Знаете, как я поняла, что он больше меня не любит? Когда он перестал меня защищать. Странное чувство, он столько раз говорил «не люблю» а теперь все стало ясно без слов. Я почувствовала, что его энергия заперта от меня. Теперь он желал защищать кого-то другого. Сначала понимание этого обрушилось неожиданно, заставляя плечи легонько вздрагивать от обидных рыданий. А потом навалилась усталость и глубокая темная пустота. Я забылась не долгим, но крепким сном, без звезд и сновидений, без тревог и печали, глухим, беззвучным сном.

Накануне выдались долгие, мучительные сутки. Работа в ночном клубе длилась до шести утра. Когда в половину седьмого я открыла двери подъезда, меня поджидал неприятный сюрприз. Изрядно выпивший призрак из прошлого. Я мгновенно рванула назад, еще не соображая куда бежать, как меня уже за шиворот оттаскивали обратно.
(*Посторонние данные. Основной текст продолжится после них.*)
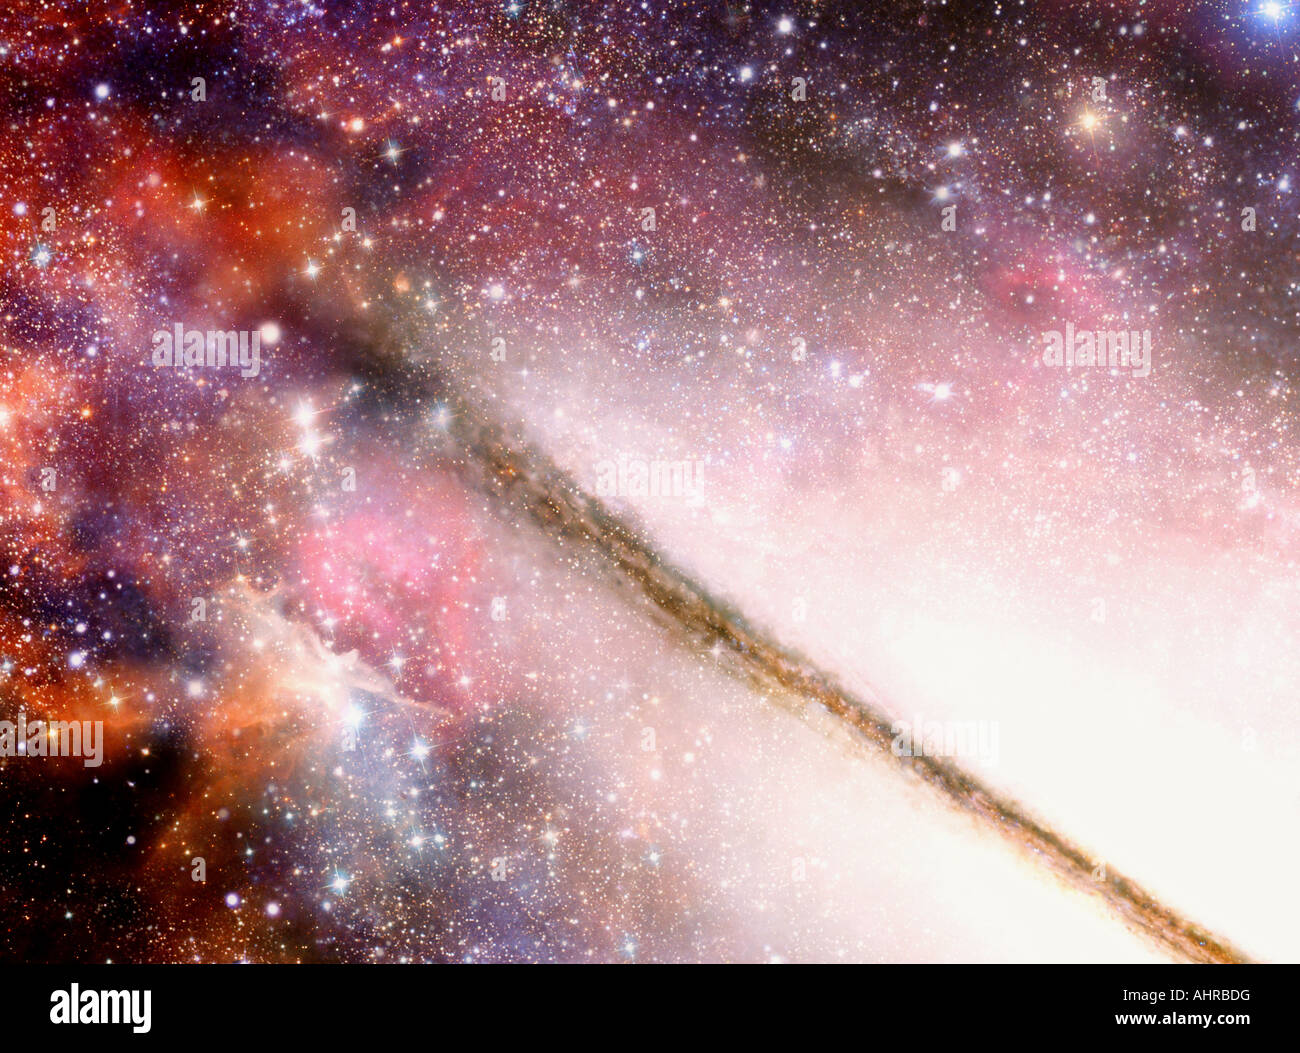 Molto affascinante illustrazione di una spettacolare visione all'interno della galassia a spirale Foto Stock

Нет смысла описывать подробности. Это был напряженный, пьяный, бессмысленный разговор. Напряжение, скопившееся внутри за сутки с истерическими слезами и кулаками, вырвалось наружу. Я била этого алкаша пока рукам не стало жутко больно. В конце концов я опустилась на бетонные ступени и прислонившись к стене тихо плакала.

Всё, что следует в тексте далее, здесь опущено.